Georg Baselitz shocked the art world by putting his rather cack-handed portraits upside down. Why this made them more interesting is a puzzle. True they were pretty grim the right way up, but I could discern no improvement by inverting them. As a challenge to convention it was pretty weak. If they had been abstracts no one would have noticed or cared. I could argue I suppose that through following certain conventions by choice I am breaking the current convention of ignoring convention… bleeding edge or what?
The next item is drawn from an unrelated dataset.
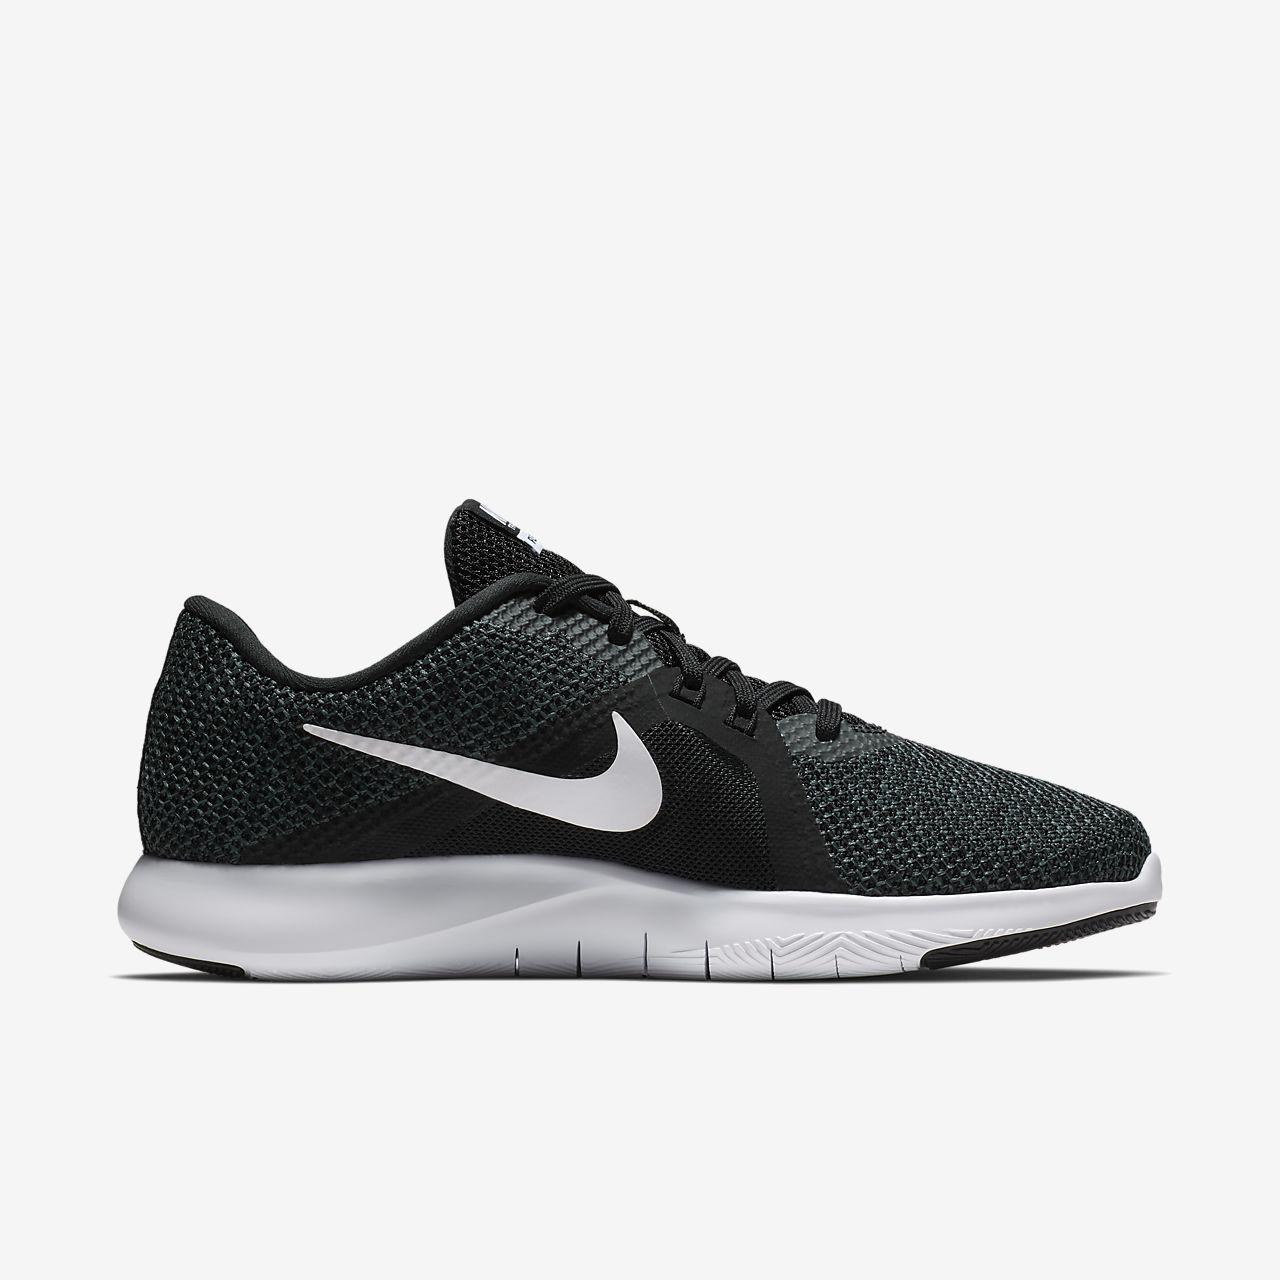 Tênis Nike Flex Trainer 8 Feminino   Nike   Nike flex, Nike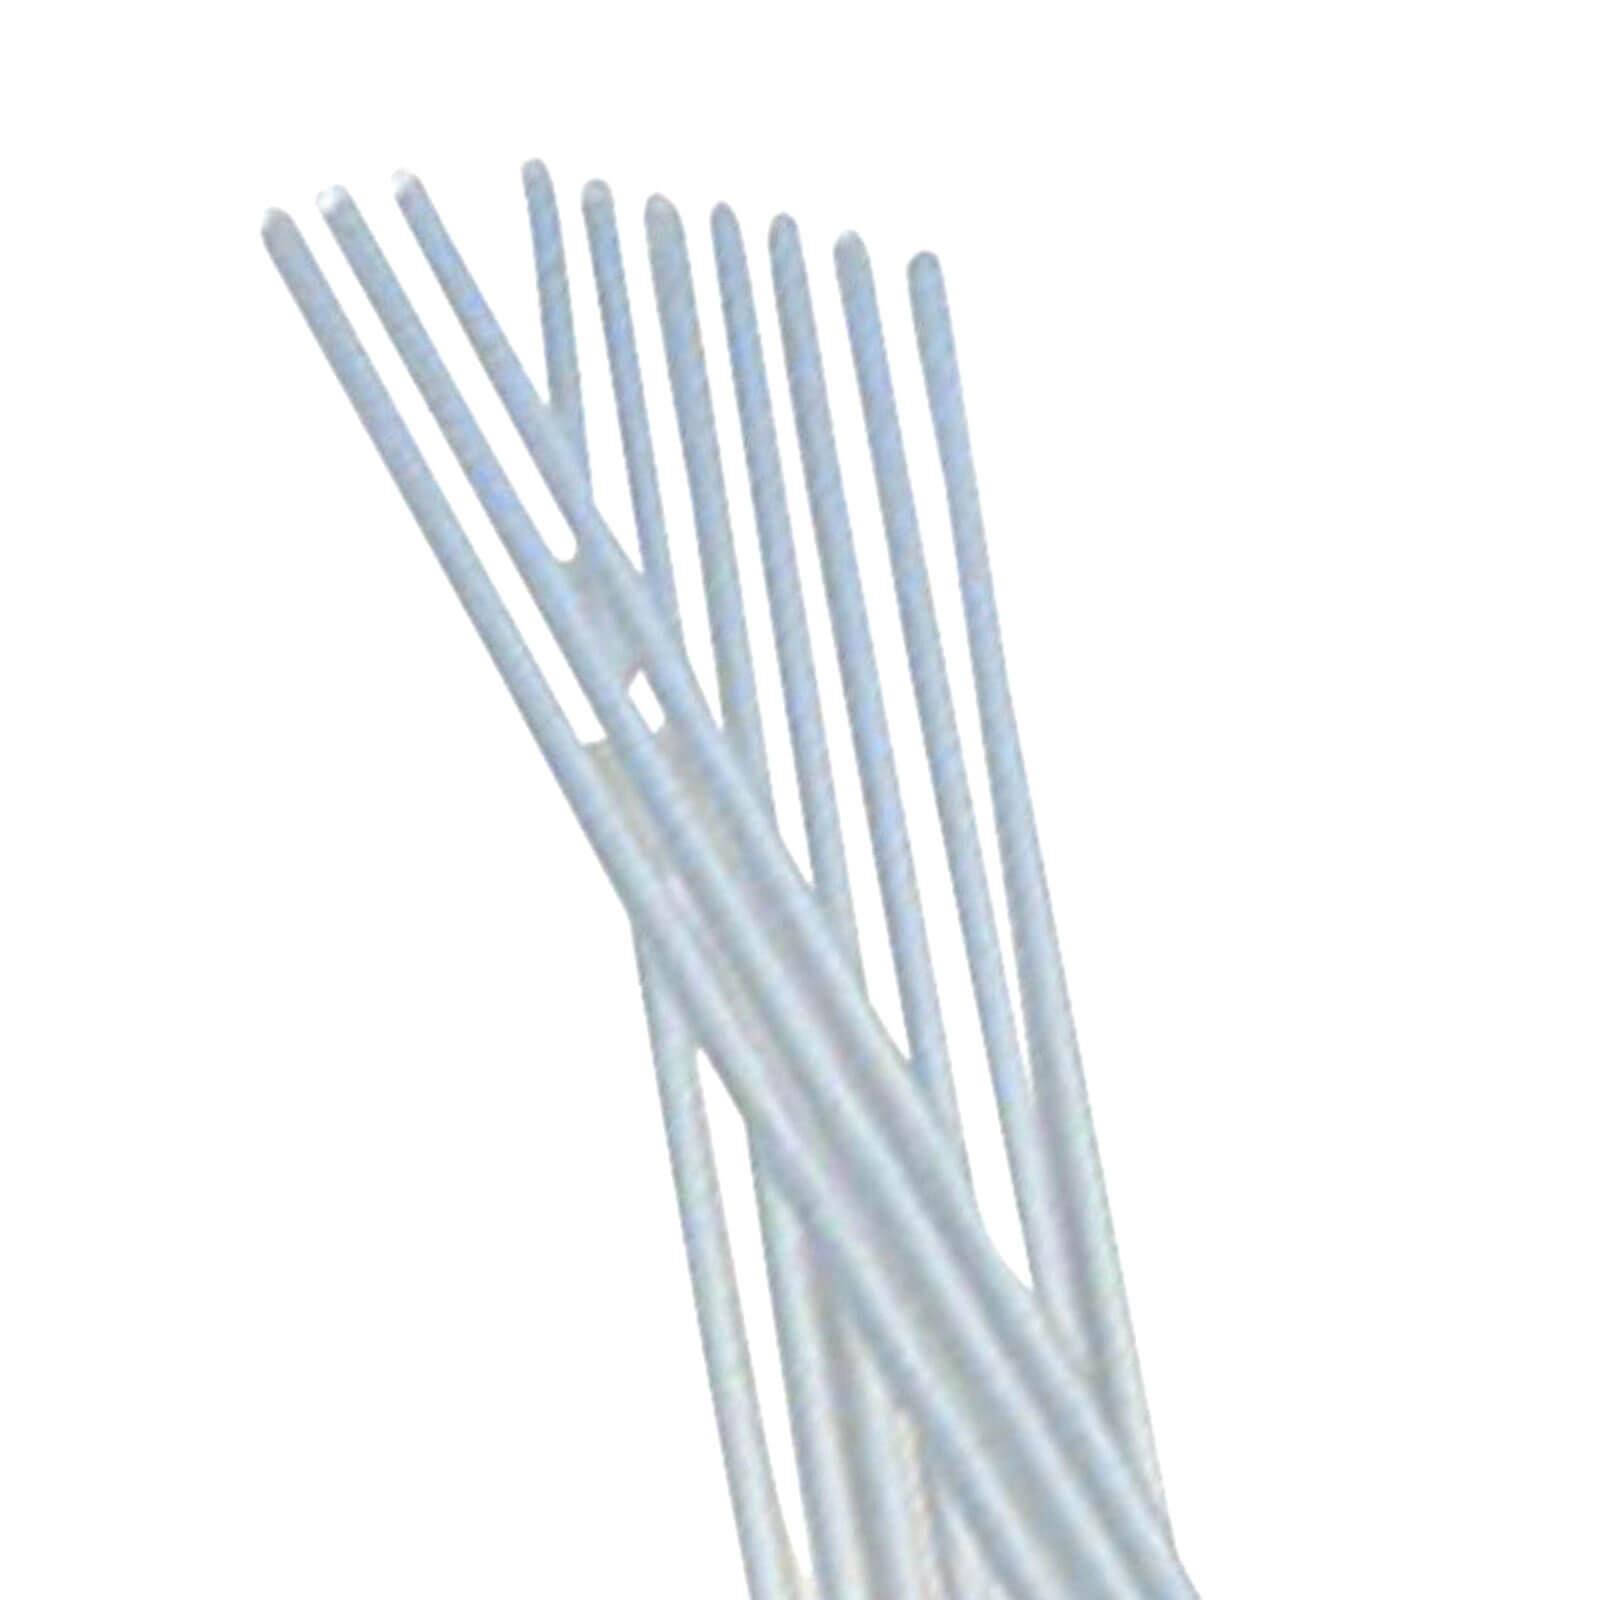 Steinel Clear Welding Rod Rigid PVC for Heat Guns

What my critical friend really meant of course was that I was unfashionable. A crime to which I plead guilty M’Lud. Fashion is I suppose partly convention, but it is more a guide to tell you how to be perceived in a good light by others. If your furniture is fashionable you are not necessarily purchasing it for its utility or craftsmanship, but for how it will be perceived by others and what status they will ascribe to you in consequence. People’s choices as to what they like or dislike in art are often driven by the same wish to shape how others will see them. If you say you like Francis Bacon, people will assess your sophistication differently to how they will if you say you like Constable. Whether you actually give a fig for either is moot of course.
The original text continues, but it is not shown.